VEGF is a dimeric glycoprotein that interacts with transmembrane tyrosine kinase receptors present on the cell surface and is regulated by hypoxia. After VEGF binds to the extracellular domain of the receptor, there is dimerization and autophosphorylation of the intracellular receptor for tyrosine kinases, and a cascade of downstream proteins is activated. VEGF is involved in angiogenesis and is believed to stimulate the proliferation, migration and survival of endothelial cells [10]. VEGF is the most potent proangiogenic protein that has thus far been implicated in driving RCC. PDGF promotes the survival and proliferation of pericytes surrounding blood vessels, thereby stabilizing new immature blood vessels [12]. The expression of these and other growth factors as a result of the loss of VHL protein results in the hypervascular nature of RCC.

TREATMENT

The primary treatment for RCC is surgical resection. However, in the context of advanced or metastatic disease, drug therapy is often utilized.

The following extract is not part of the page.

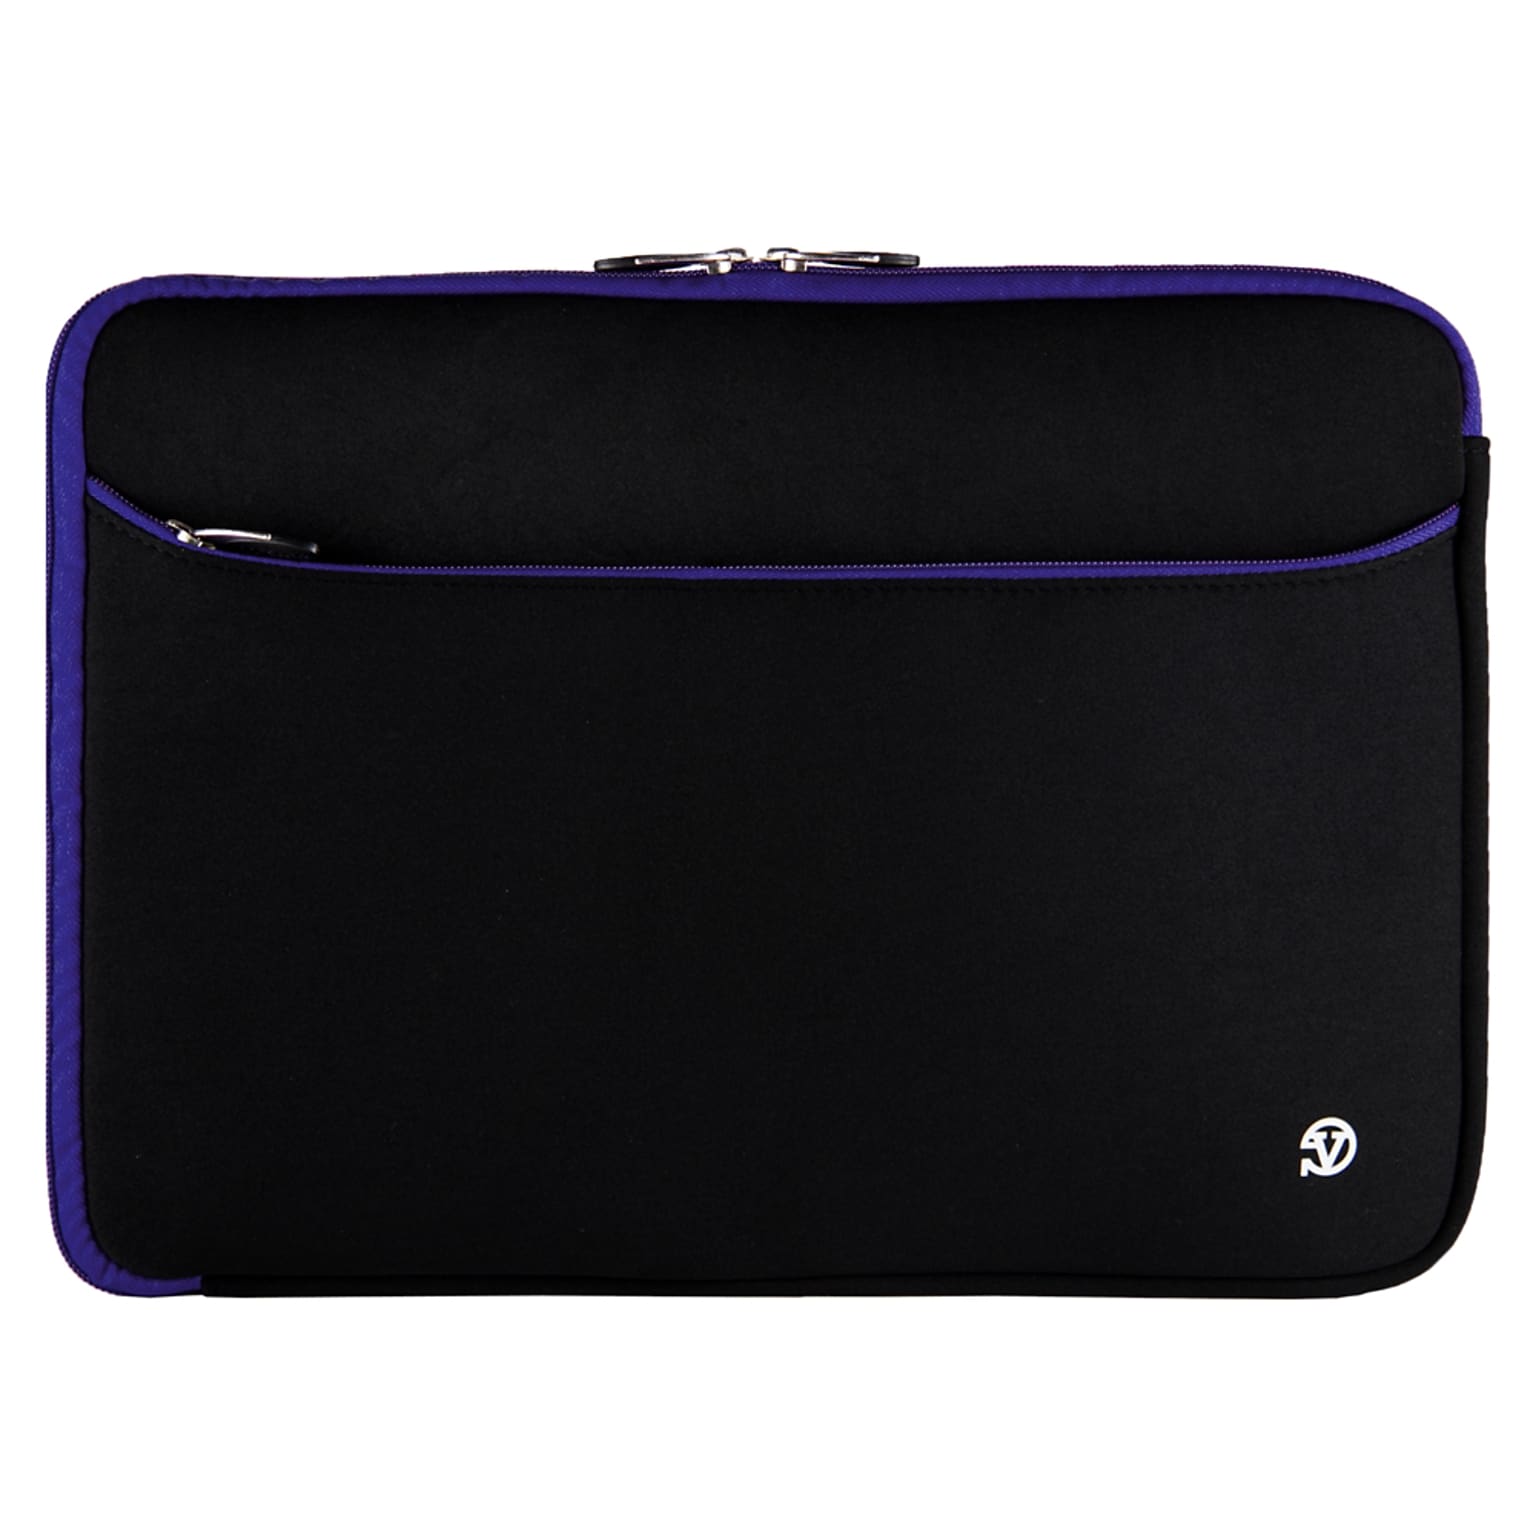 Vangoddy Neoprene Laptop Carrying Sleeve Fits up to 14 Laptops (Black with Blue Trim)
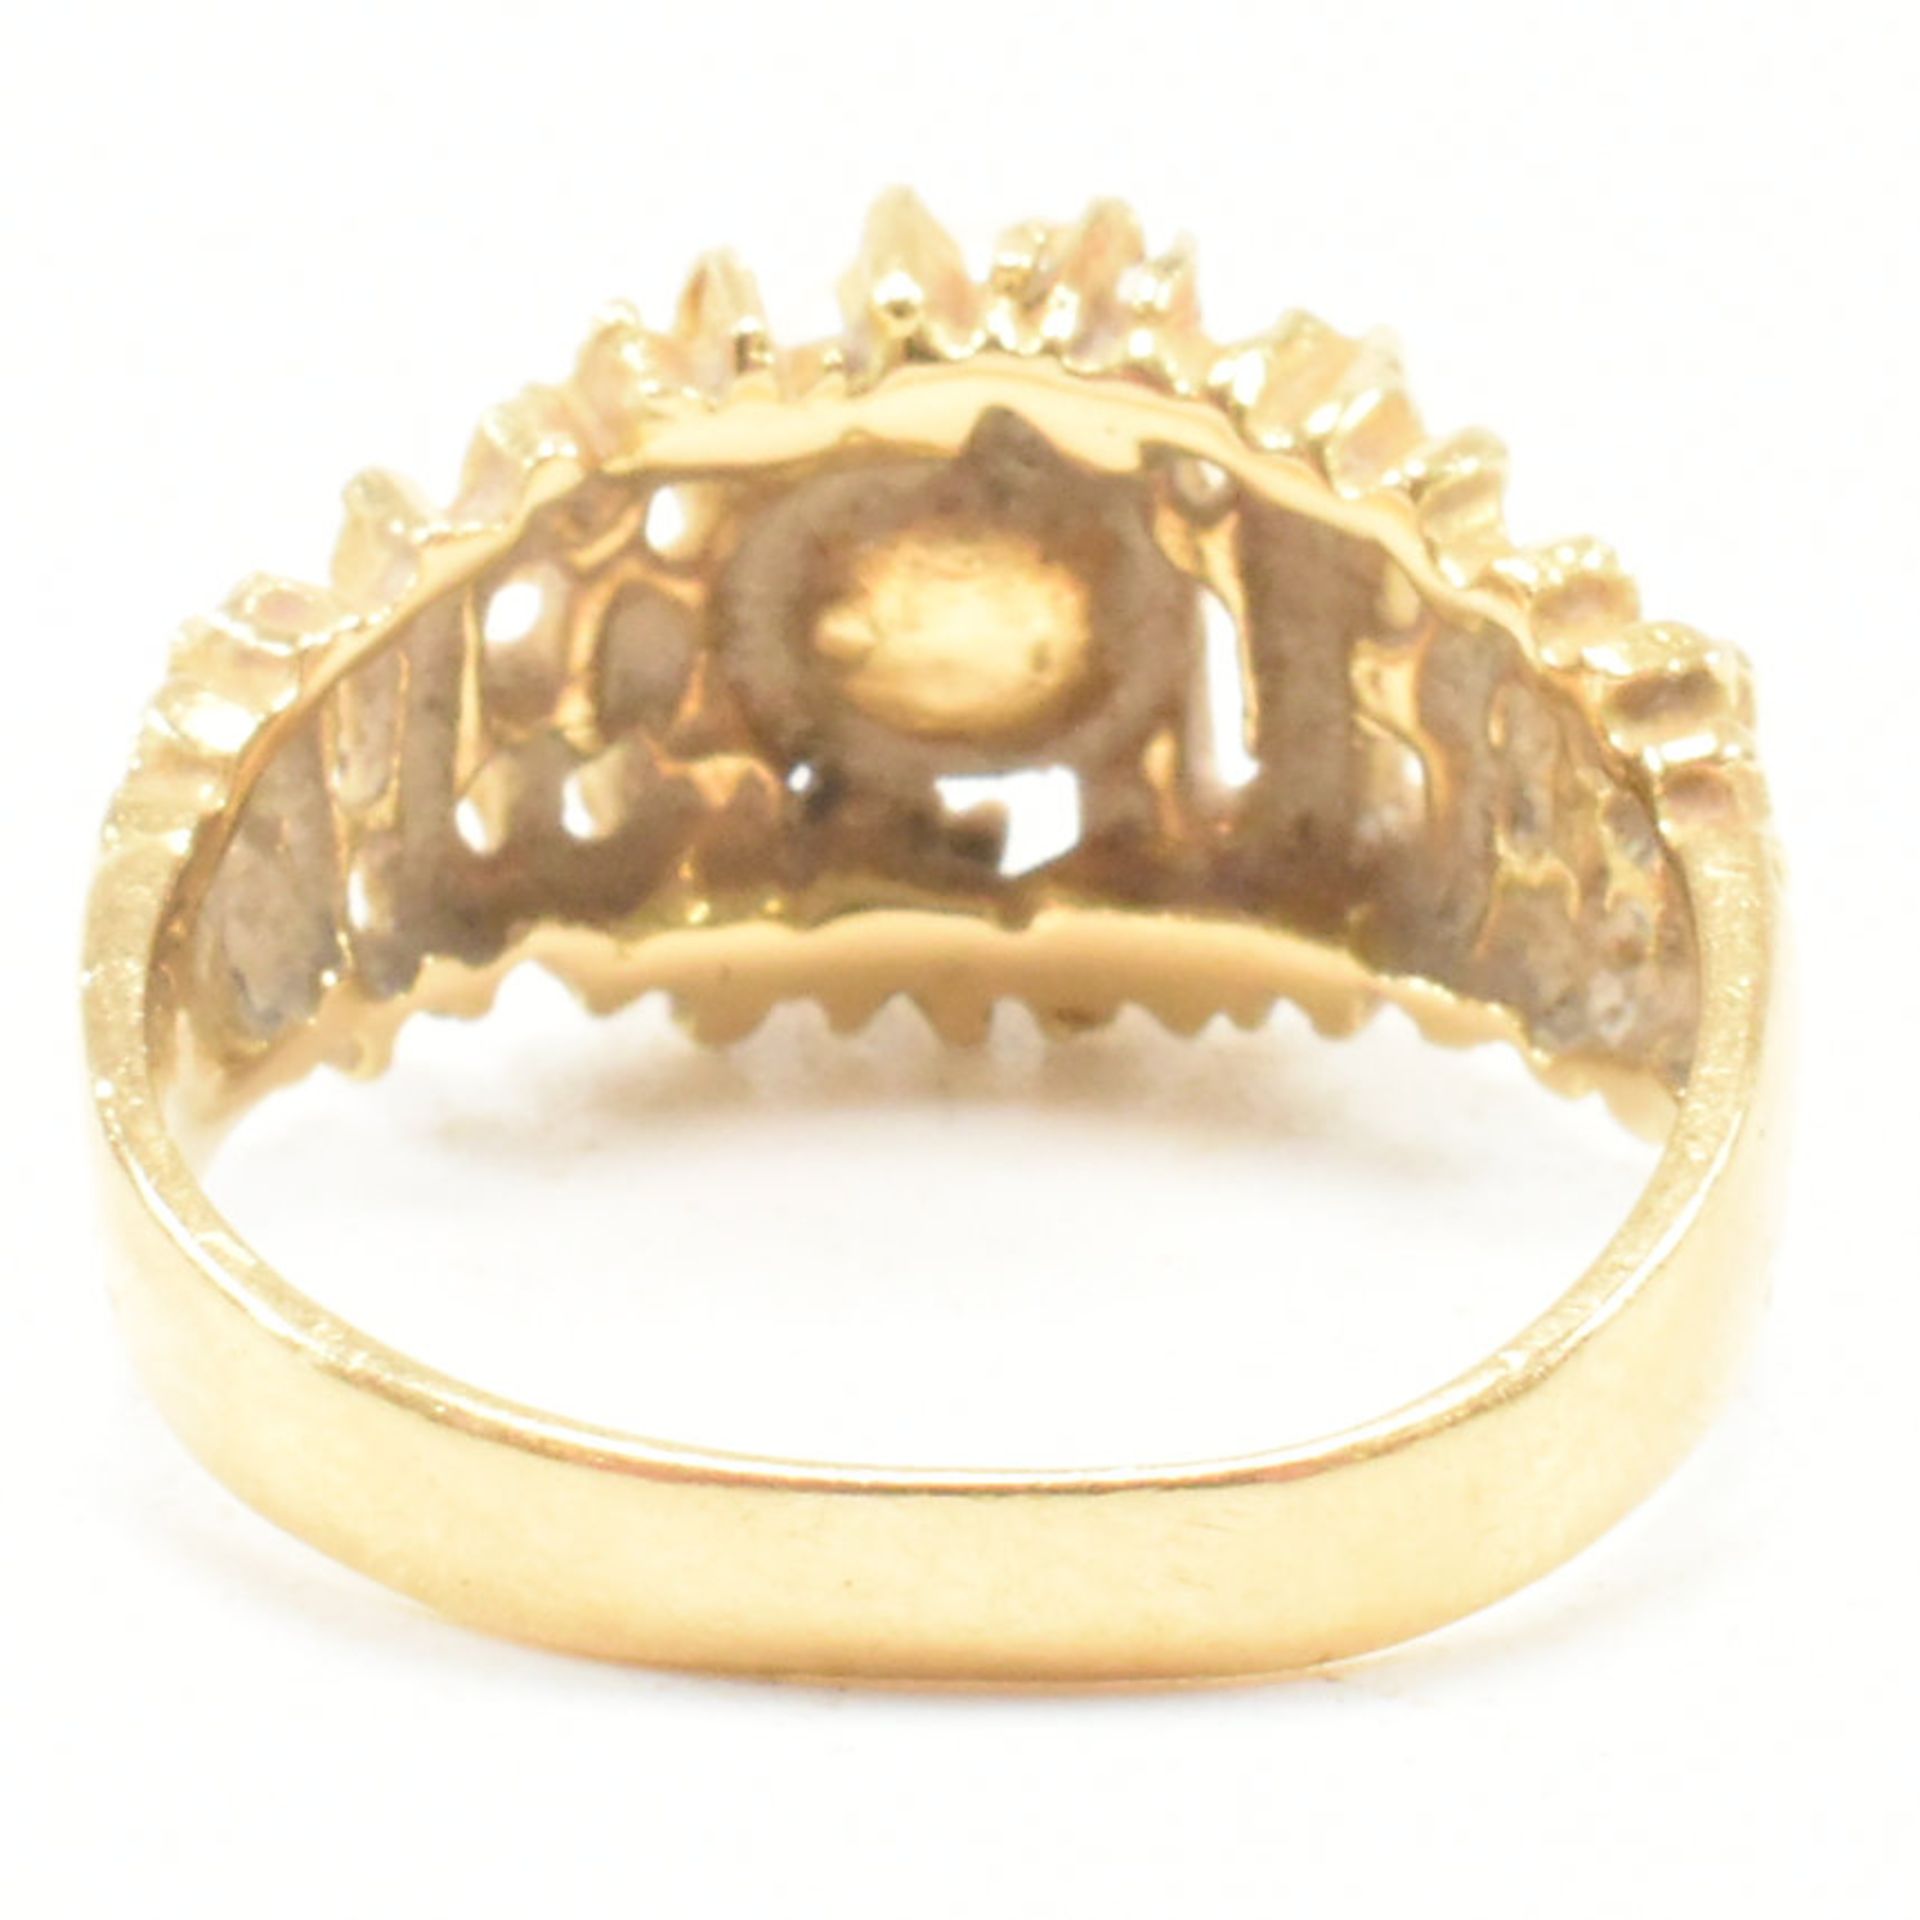 VINTAGE 18CT GOLD & PEARL DRESS RING - Image 2 of 7

Chemotherapy has been largely ineffective to date, with response rates of 4-6% [13]. Immunomodulator therapy in the form of interleukin-2 (IL-2) and interferon alpha (IFN-α) have often been used, but with modest clinical and meaningful benefits. High dose IL-2 has demonstrated response rates of 15-23%, with a median duration of response of 54 months and long-term survival in about 5% of patients [14,15]. However, its use has been limited because of significant associated toxicities. Single-agent IFN-α has achieved response rates of about 10-15%, regardless of dose [13]. Complete responses are seen in 1-2% of patients. The median duration of response is about 6 months, but because of its less toxic side effect profile, it is viewed as a useful drug for use in combination therapy in an experimental context. More recently, based upon improved understanding of the biology and pathogenesis of RCC, small molecule tyrosine kinase inhibitors have been introduced to target the specific pathways involved in this disease.

Sunitinib

Sunitinib maleate (Sutent^®, previously known as SU11248) is an oral, highly potent, multi-target tyrosine kinase inhibitor that exhibits direct antitumor and anti-angiogenic activity. It prevents cell membrane signals from being relayed into the cell to activate gene transcription. Biochemical analysis has shown that sunitinib suppresses the signaling function of VEGF receptor types 1-3, PDGF receptor (PDGFRα, PDGFRβ), c-Kit (stem-cell factor), FLT3 (FMS-like tyrosine kinase-3 receptor), and RET (glial cell line derived neurotrophic factor receptor) [16-18]. Of these, the inhibition VEGFR-2 and PDGFRβ are felt to be the most clinically significant [10,18], thus providing a rational basis for its use in renal cell cancer. Sunitinib may also boost immune effector mechanisms that contribute to its anti-tumor effect in metastatic RCC [19].
The recommended dose for sunitinib was defined in phase I trials as 50 mg orally once daily for 4 weeks, followed by 2 weeks off, (4/2 schedule) in repeated 6-week cycles [17,20].
In the phase III trial, 8% of patients discontinued therapy due to adverse events, and 38% required dose interruption [21]. Dose reductions from 50 mg to 37.5 mg were required in 16-35% of patients, and reductions to 25 mg were required in 3-6% of patients [16,21]. Sunitinib has good oral bioavailability and is excreted via the fecal route. It is metabolized by the hepatic CYP3A4 system to the active metabolite SU12662 [18]. Therapeutic plasma concentrations (50-100 mg/mL) were achieved in the majority of patients with daily doses of 50 mg [17]. It has a long half-life, ranging from 41 to 86 hours [17]. Sunitinib appears to have an exposure-response relationship in metastatic RCC [22]. Pharmacokinetic studies have demonstrated that the steady-state area under the curve of sunitinib and SU12662 correlate with the probability of tumor regression [23]. Studies also show that patients with the highest drug exposure have a longer time to progression and overall survival, suggesting that increased exposure to the drug is associated with clinical benefit [23]. It has been estimated that a dose of 50 mg/day could result in up to 62% of patients achieving a partial response [23].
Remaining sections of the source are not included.